3.2.2. Changes in Bimanual Hand Use Measured with HAI

There were some improvements over time in bimanual hand use for all children except the two who were classified at Mini-MACS level V. This was only related to the hand function period for one child (ID9), and several improved considerably from the first to the last testing in the baseline period (ID1, ID5, ID9, ID10, and ID12). The three children who did not end up with a CP diagnosis (ID1, ID10, and ID11) had a noticeable increase in hand function during the first training period targeting hand function and were thereafter close to the ceiling level (see Figure 3).

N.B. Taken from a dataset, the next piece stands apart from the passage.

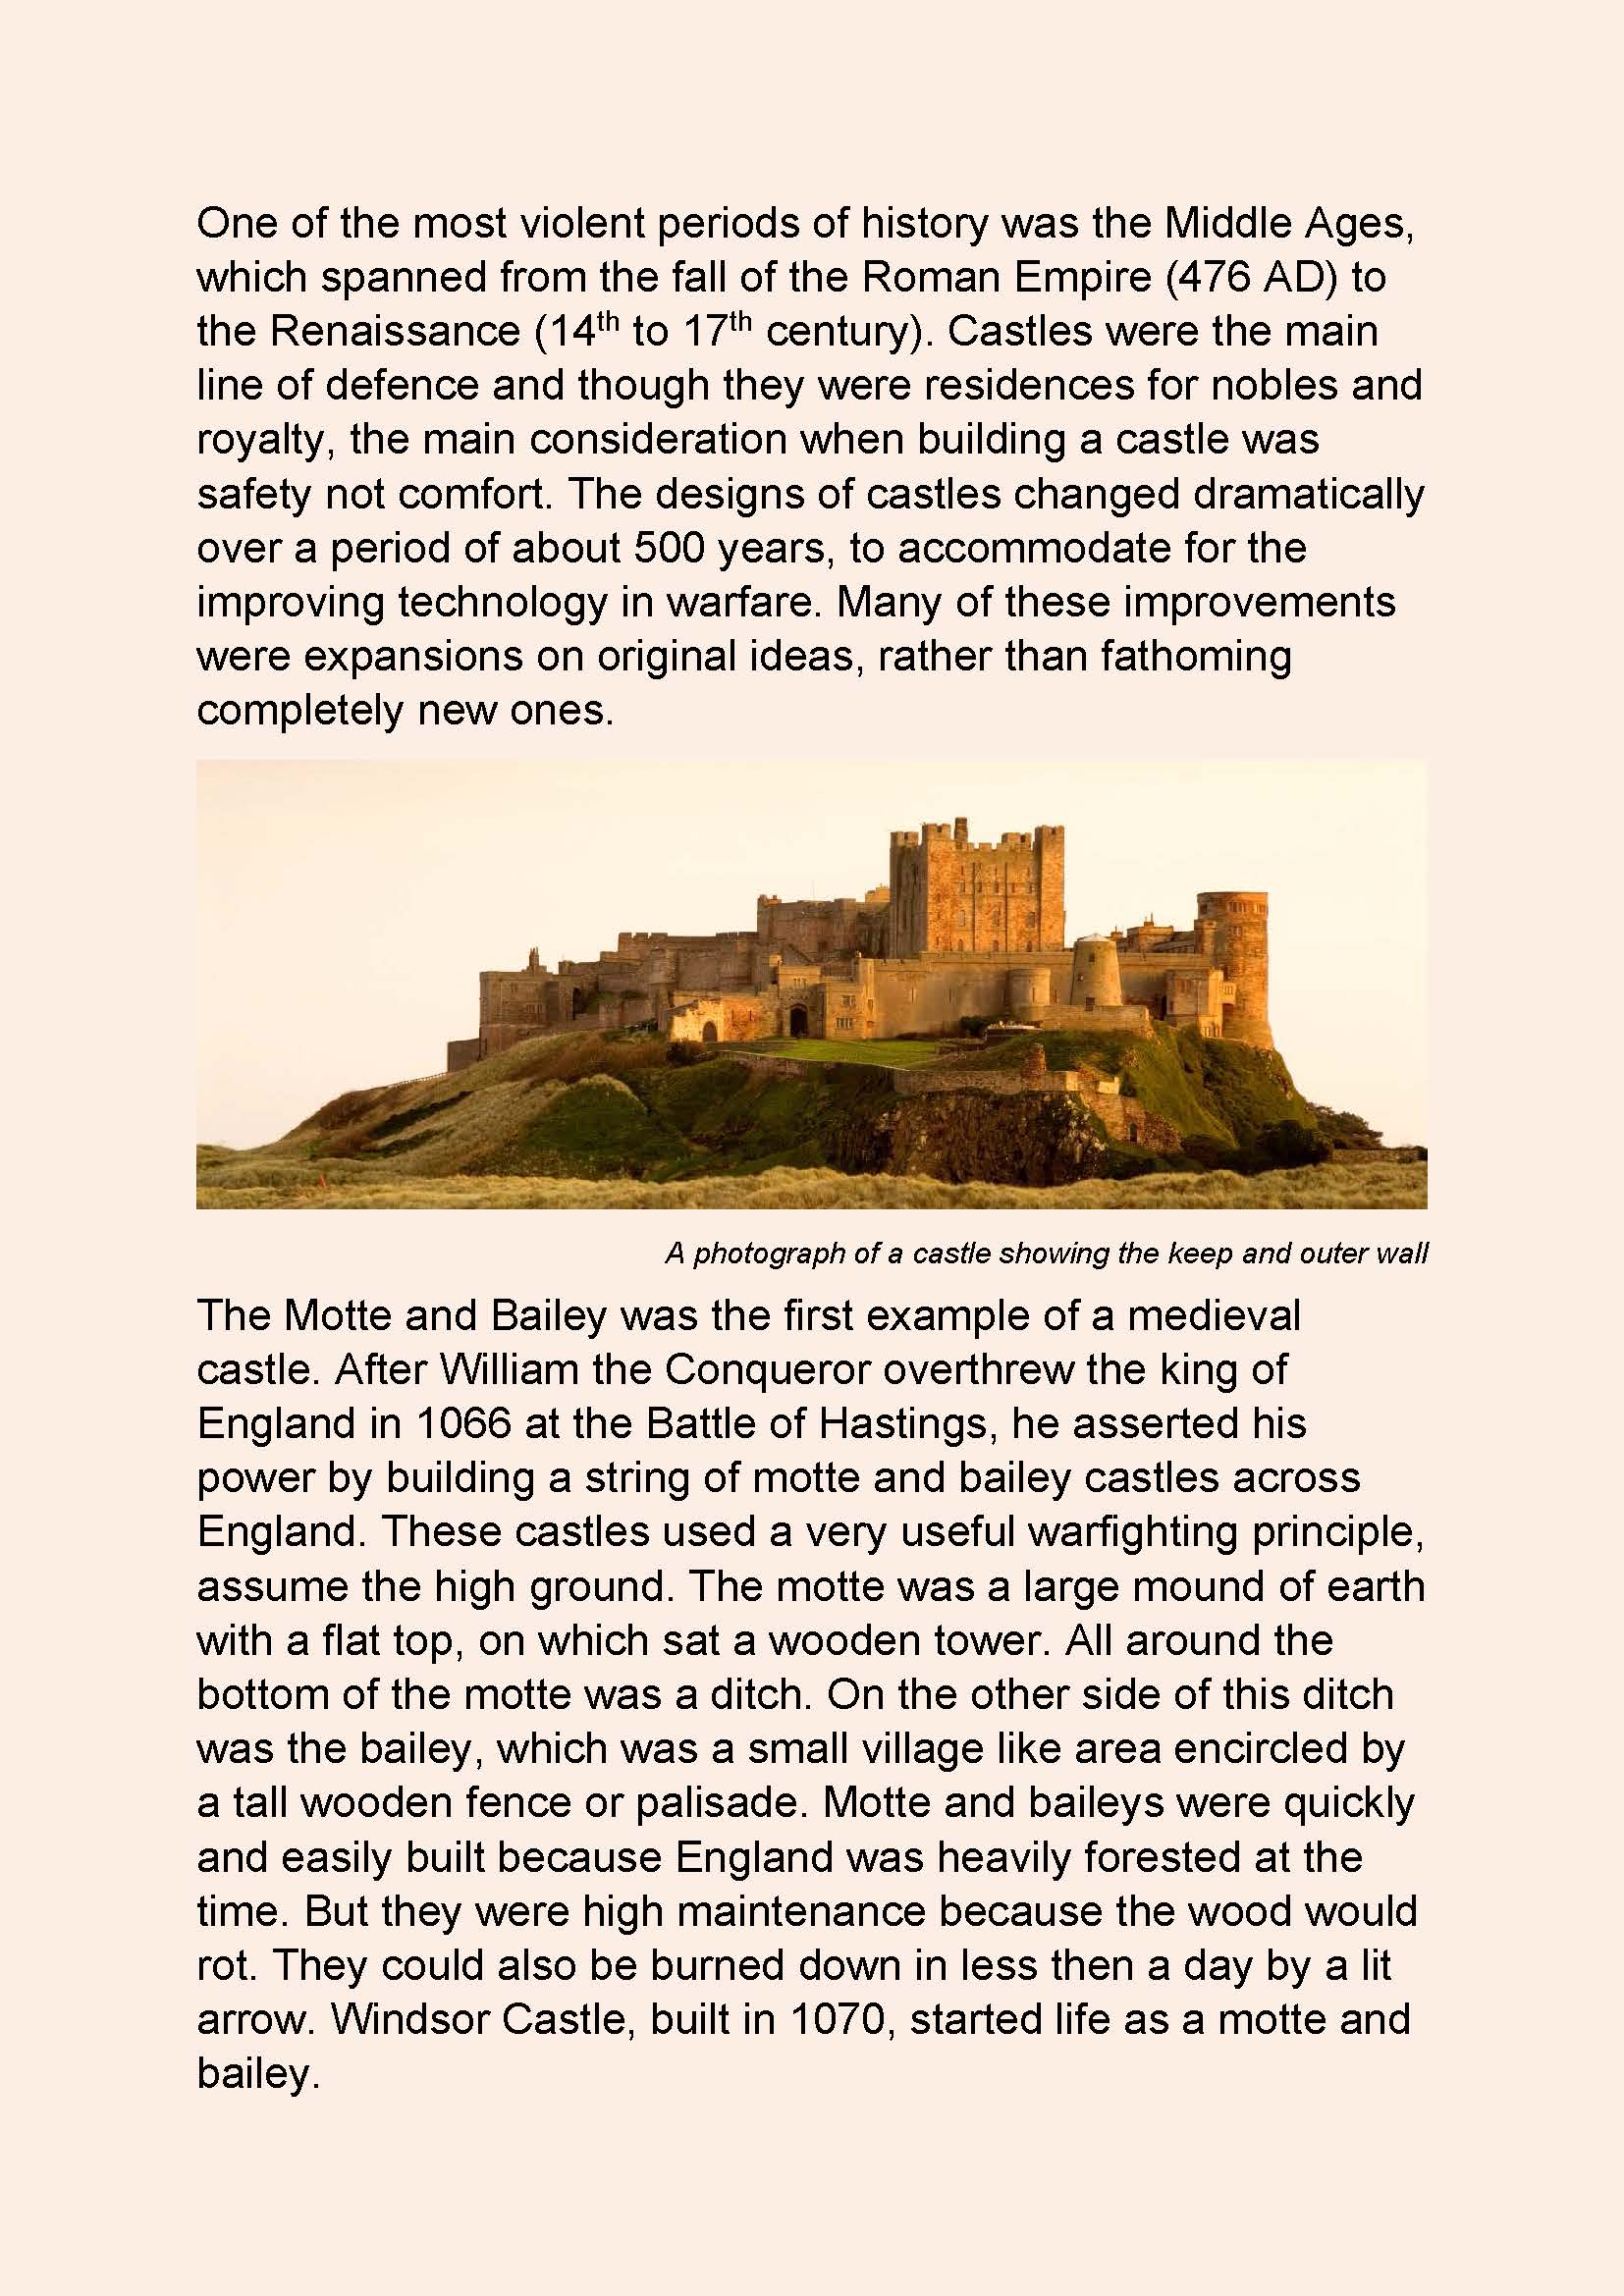 creative writing description of a castle

3.2.3. GMFM-66 Changes Related to Norwegian GMFM-66 Percentiles

The results indicate that four children classified at GMFCS levels I–III (ID12, ID7, ID4, and ID5) improved more than expected according to their initial curve during the Small Step program (see Figure 4) and continued to increase the GMFM-66 score until 2yCA. The largest improvement was indicated for ID4 during the second period targeting mobility (C2) with a change of 11.4, clearly exceeding measurement variability, as indicated by the 95% confidence interval. Similar changes, although smaller, were found for ID12 (change 8.6), ID7 (change 4.7), and ID5 (change 4.4) during the first training period targeting hand function (B1). For children classified at GMFCS levels IV and V, their gross motor development largely corresponded to the expected GMFM-66 curves.

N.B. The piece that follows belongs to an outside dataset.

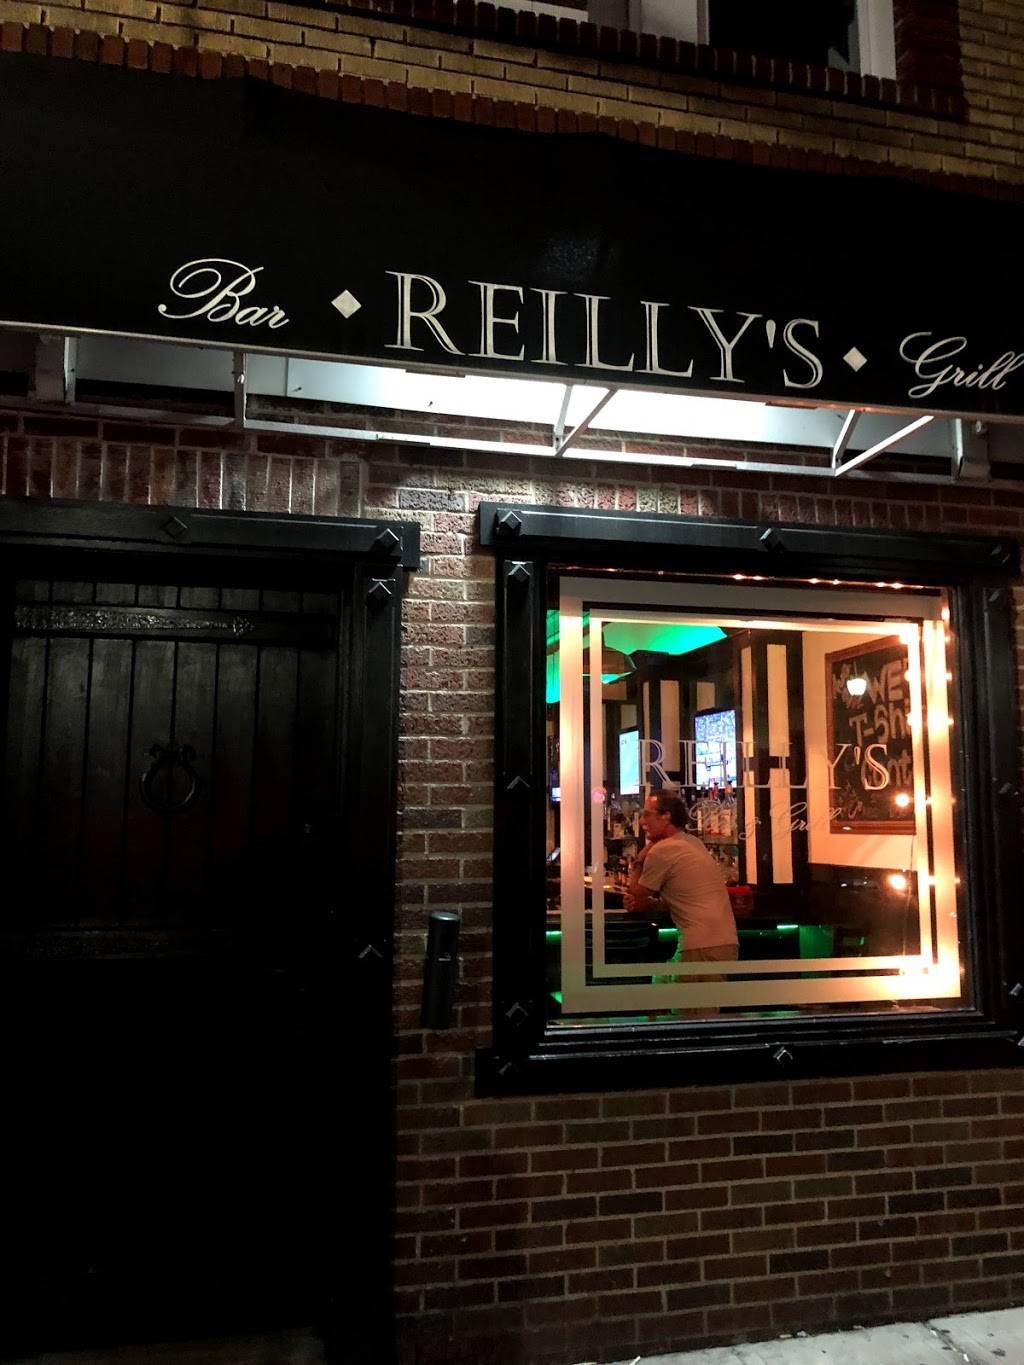 Reillys Bar | restaurant | 426 Kearny Ave, Kearny, NJ 07032, USA | 2019989321 OR +1 201-998-9321

3.3. Characteristics of Children Related to Intervention Response

The severity of neurological symptoms measured with the HINE seemed to be associated with differential response to intervention. HINE global scores below 25 (Table 3: Group 1) were indicative of severe CP (GMFCS V) with no or minor fine and gross motor development during the Small Step intervention (see Figure 2, Figure 3 and Figure 4). These children had predominantly white matter injuries or miscellaneous brain development.
For Group 2, with HINE global scores between 25 and 40, four of five children were later classified at GMFCS levels I–III (ID4, ID5, ID7, and ID12). These children improved their GMFM-66 scores above the initial percentiles (Figure 4). All five children showed fine motor improvements over the course of the Small Step program and were later classified at Mini-MACS levels I–III (Figure 2 and Figure 3, Table S1).
For Group 3, with HINE global scores above 40, three of the children (ID1, ID10, and ID11) showed large motor developments (Figure 2 and Figure 3 and Table S1) and did not receive a CP diagnosis at 2yCA. These children had sporadic fidgety movements at 3mCA. One child (ID2) received a diagnosis of CP and was later classified at GMFCS and Mini-MACS level V. This child was classified with maldevelopment of the brain and absent fidgety movements at 3mCA.
In addition, there seems to be an association between very low motor abilities measured with AIMS at 3mCA and a minimal effect of the intervention. The four children with AIMS scorings at or below 6 points (ID2, ID3, ID6, and ID8) had PDMS-2 FMC and GMC total change scores of ≤15 after the Small Step intervention and were later classified at GMFCS level V or Mini-MACS level IV-V (Table 3 and Table S1). For children with a confirmed CP diagnosis and AIMS scores between 7 and 15 at 3mCA (Group 2), there does not seem to be an association with intervention response.

4. Discussion

Our results indicate that the Small Step program as a whole contributed to the children’s development, but the specificity of training could not be confirmed. Of the eight children who responded well to the intervention, three did not receive a confirmed CP diagnosis at two years of age, while five with a confirmed CP diagnosis were classified at GMFCS levels I–IV and Mini-MACS levels I–III. Furthermore, the children with the most severe neurological symptoms (HINE < 25) and lowest motor abilities (AIMS ≤ 6) at 3mCA showed only minor motor improvements during the Small Step program and were later classified at GMFCS level V and Mini-MACS levels IV–V.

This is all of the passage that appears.